Fort Henry, at Kingston, was started as a blockhouse to protect the naval dockyard. When Colonel John By began construction of the Rideau Canal to provide a safe inland passage from Lake Ontario to Ottawa and Montreal, the stone fortress was raised to guard the canal’s Ontario end. Wholly restored, the fort offers many souvenirs of the past century.

Fort York, Toronto, was established in 1793, and played a prominent role in the War of 1812. Fort George, at Niagara-on-the-Lake, was built in 1797 and destroyed by the Americans in 1813. Its blockhouses have been restored, and its powder magazine still stands.

When Sitting Bull and the Sioux under his command crossed the boundary into what is now Saskatchewan after the Battle of the Little Big Horn, the North West Mounted Police established a detachment at Wood Mountain. From this post, of which one building has been reconstructed, a handful of police controlled the proud and powerful Sioux Nation.

Fort Steele is being rebuilt a few miles from Cranbrook, B.C. Some twenty houses and buildings have been restored.

Sites and plaques

The use of historical plaques is justified when nothing but the site of a building is to be found.

The national and provincial plaques mark places where diligent research has placed an “X” to say that here a man died bravely, and there a treaty was signed or a battle fought.

These plaques should be easily read. Some, like our national markers, may be artistically pleasing, but their small raised lettering is hardly decipherable. They fail in their duty to communicate.

Without buildings, but still a memorable spot marked by a plaque, is the site of the Parliament Oak at Niagara-on-the-Lake. On May 1, 1793, there was passed on this spot the Seventh Act of Parliament, freeing the slaves in Upper Canada. Thus Canada became the first British possession to provide by legislation for the abolition of slavery, 79 years before slavery was abolished in the United States.

Cemeteries, too, have their tales to tell of the heroic past.
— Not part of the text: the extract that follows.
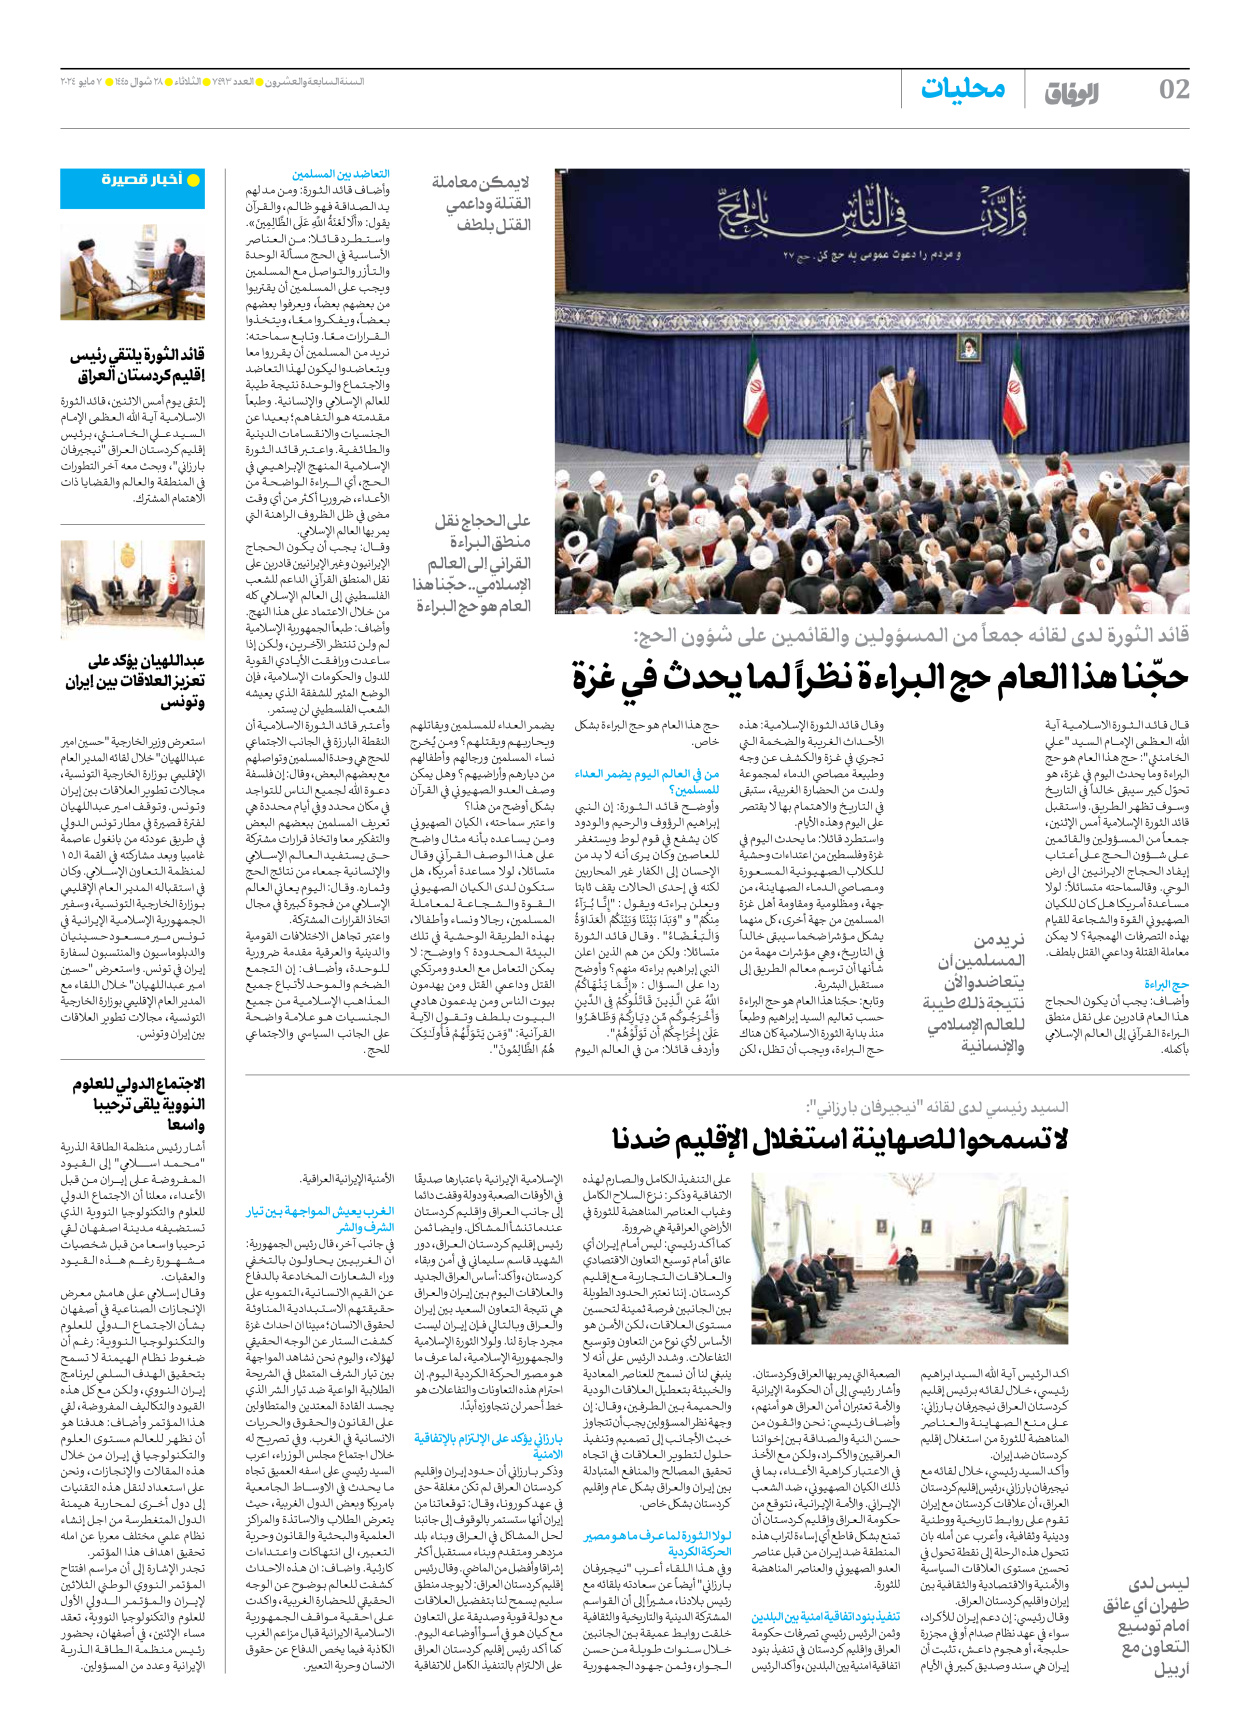 صحیفة ایران الدولیة الوفاق - العدد سبعة آلاف وأربعمائة وثلاثة وتسعون - ٠٧ مايو ٢٠٢٤ - الصفحة ۲

In the old burying ground at St. Andrews West in Ontario is the grave of Simon Fraser, great explorer, the first to descend the Fraser River. Here, too, is a memorial to Miles Macdonell, who was superintendent of Lord Selkirk’s Red River Colony in Manitoba.

Thought kindled by all these memorials will inspire Canadians in their second century as a united nation to actions worthy of such forefathers.

On the occasion of the Centenary of Confederation, everyone who can do so will wish to visit the Legislative Building in Charlottetown, Prince Edward Island. There is the room in which delegates discussed the Union of British North America.

A plaque on the wall reads: “In the hearts and minds of the delegates who assembled in this room on September 1st 1864 was born the Dominion of Canada.” A plaque on the table marks the spot where the Articles of Confederation were signed.